Yu Kai, co-founder and chief scientific officer of AISpeech, stated that the company has expanded its workforce to over 700 individuals in research centers located in Beijing and Suzhou, having begun with a team of fewer than 10 people focused on developing an algorithm in Cambridge. A subsidiary has been established in Shenzhen due to its closeness to smart equipment manufacturing, and there is also a unit in southern China dedicated to producing software for vehicles created in collaboration with a local auto-making partner.

Highlighting the significant worry in Beijing regarding US technology restrictions, Xi has imposed limitations on China’s rare earth magnets in recent months to reverse some of Trump’s recent export limitations. US Commerce Secretary Howard Lutnick stated last week that the US and China have signed a document to formalize trade terms established last month in Geneva, which includes a commitment from Beijing to supply rare earths utilized in various applications, from wind turbines to jet planes.

China’s economic stamina was a recurring theme of the trip that commenced in Nanjing, a city in Jiangsu where researchers publish three times more scientific papers than those in New York. Transported by two buses, numerous journalists traveled to Suzhou and the nearby Zhejiang province via high-speed train, as the emphasis of discussions increasingly turned towards the advancement of green technologies. There is ongoing discussion regarding the significance of accessing cutting-edge chipmaking machines and Nvidia’s most advanced AI accelerators. Ren Zhengfei, the founder of Huawei Technologies Co., recently stated that Chinese firms can utilize methods like chip stacking to achieve outcomes comparable to the most advanced semiconductors. Beijing also restricts most AI services from US competitors, which means local companies are not required to compete with American leaders.

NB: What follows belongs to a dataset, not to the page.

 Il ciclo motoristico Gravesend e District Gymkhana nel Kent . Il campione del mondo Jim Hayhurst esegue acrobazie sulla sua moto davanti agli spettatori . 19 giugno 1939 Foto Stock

According to Julian Mueller-Kaler, director of the Strategic Foresight Hub at the Stimson Center in Washington, China must showcase “confidence and window dressing” following years of technology restrictions. He stated that high-end chips for AI data centers could be substituted with less capable models, which would lead to increased energy consumption. “The reason the Chinese didn’t really retaliate that much after the chips restrictions a few years ago is that Beijing actually likes them, to a certain degree,” he said. “It compels Chinese companies to cultivate their own capabilities and lessen dependence on American technology — a political objective that Chinese decision-makers have pursued for an extended period but was obstructed by economic circumstances.”

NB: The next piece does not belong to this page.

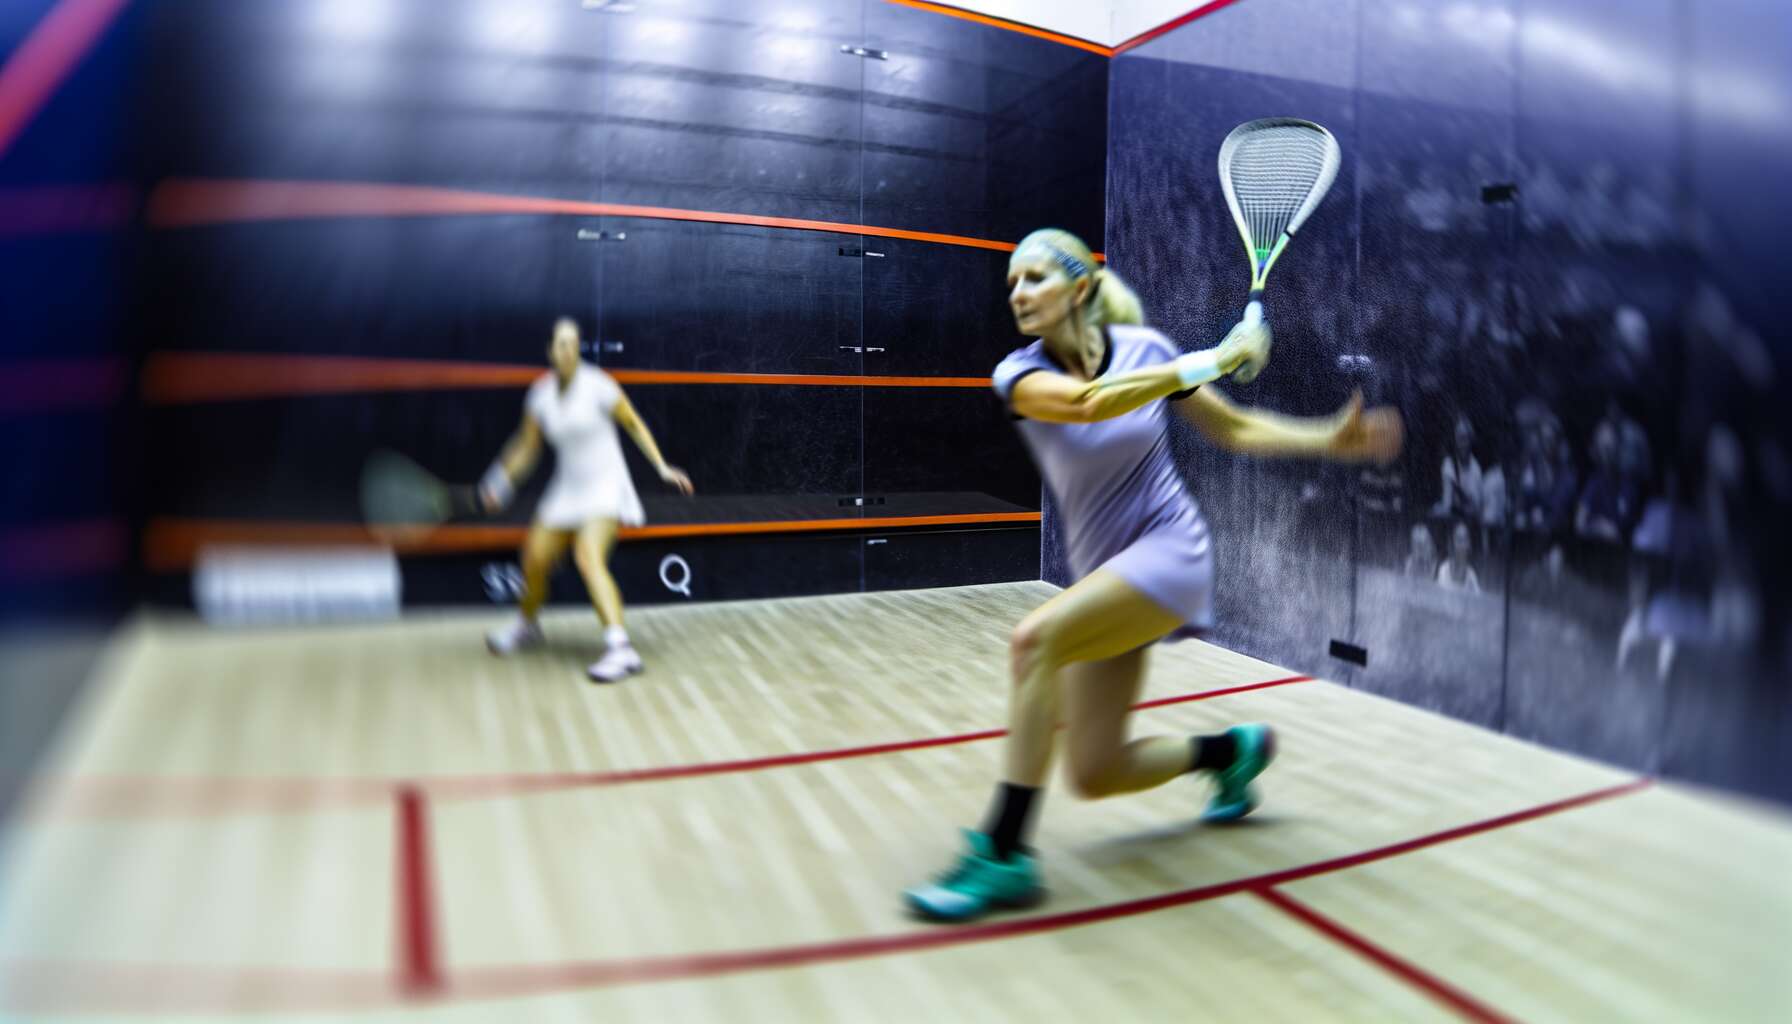 Prise en main facile : les meilleures options pour débutants au squash

Nevertheless, despite the expertise evident, few companies will come through unscathed from the worsening relations with the US. Some executives on the trip expressed their concerns as Trump’s America First policy aims to restrict US investment in China’s high tech sectors. “The impact on financing is significant,” stated Zhang Jinhua, chairwoman of IASO Biotechnology Co., a company that produces a life-saving cancer treatment. “I advise my team to refrain from inquiring about when this winter will conclude. “We must treat winter as the four seasons and adapt to prolonged uncertainty.”

Ray Pierce

Ray Pierce

Ray Pierce is a Senior Market Analyst. He has been covering Asian stock markets for many years.

Privacy PolicyI Accept
We use cookies to track usage and preferences.